__Required work__
What is needed is the full listing written out exactly, minus the pictures.
Start of Supplied material
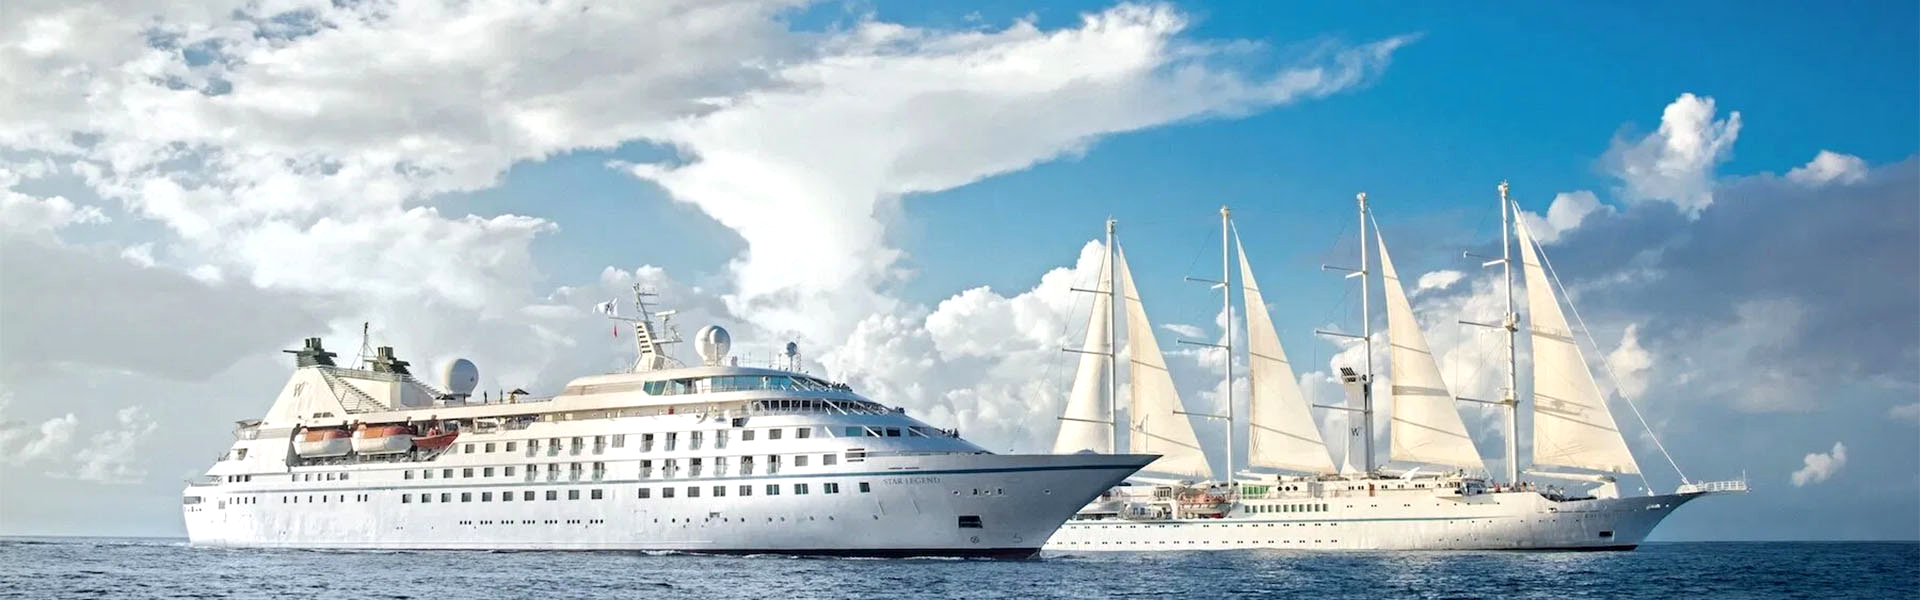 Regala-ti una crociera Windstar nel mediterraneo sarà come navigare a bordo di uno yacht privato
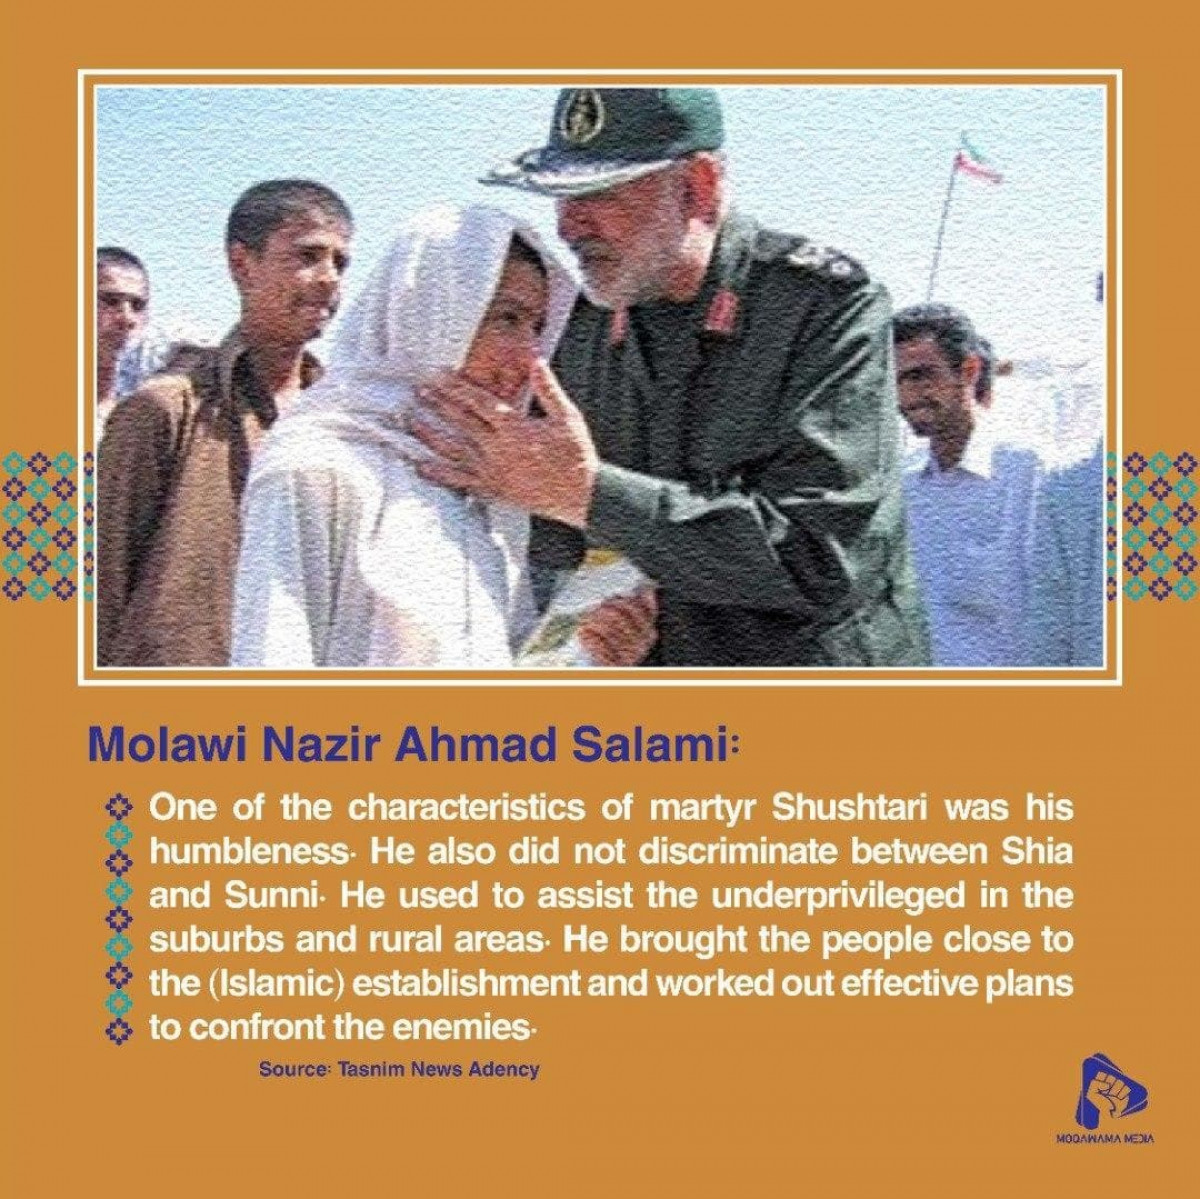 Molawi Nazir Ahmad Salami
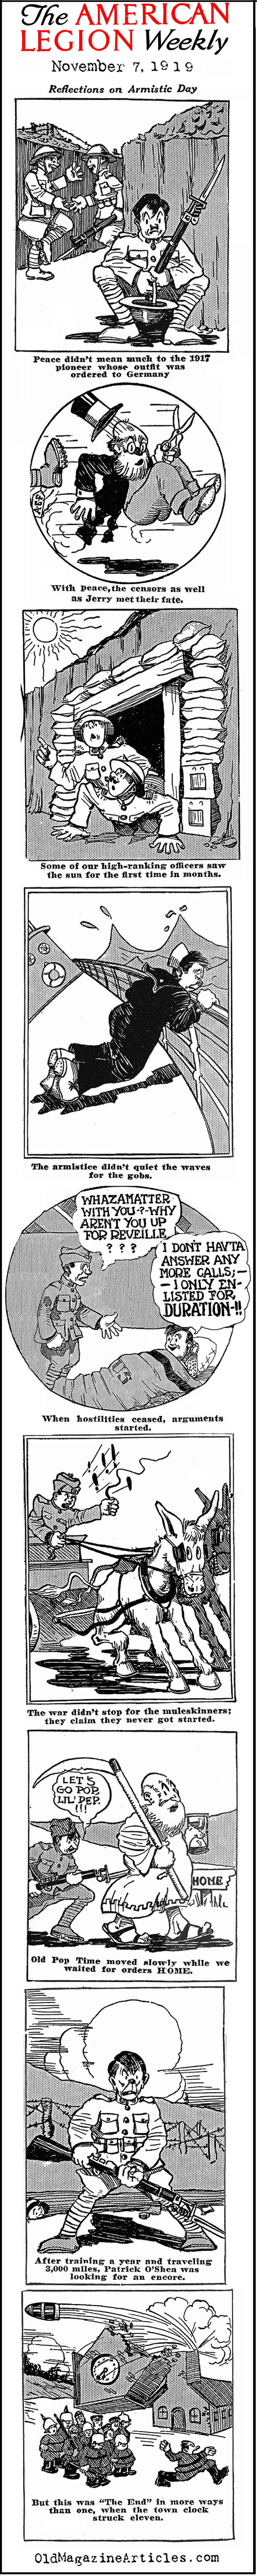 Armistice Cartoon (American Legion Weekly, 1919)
End of Supplied material
__Written reply__
 Regala-ti una crociera Windstar nel mediterraneo sarà come navigare a bordo di uno yacht privato
 Molawi Nazir Ahmad Salami
 Armistice Cartoon (American Legion Weekly, 1919)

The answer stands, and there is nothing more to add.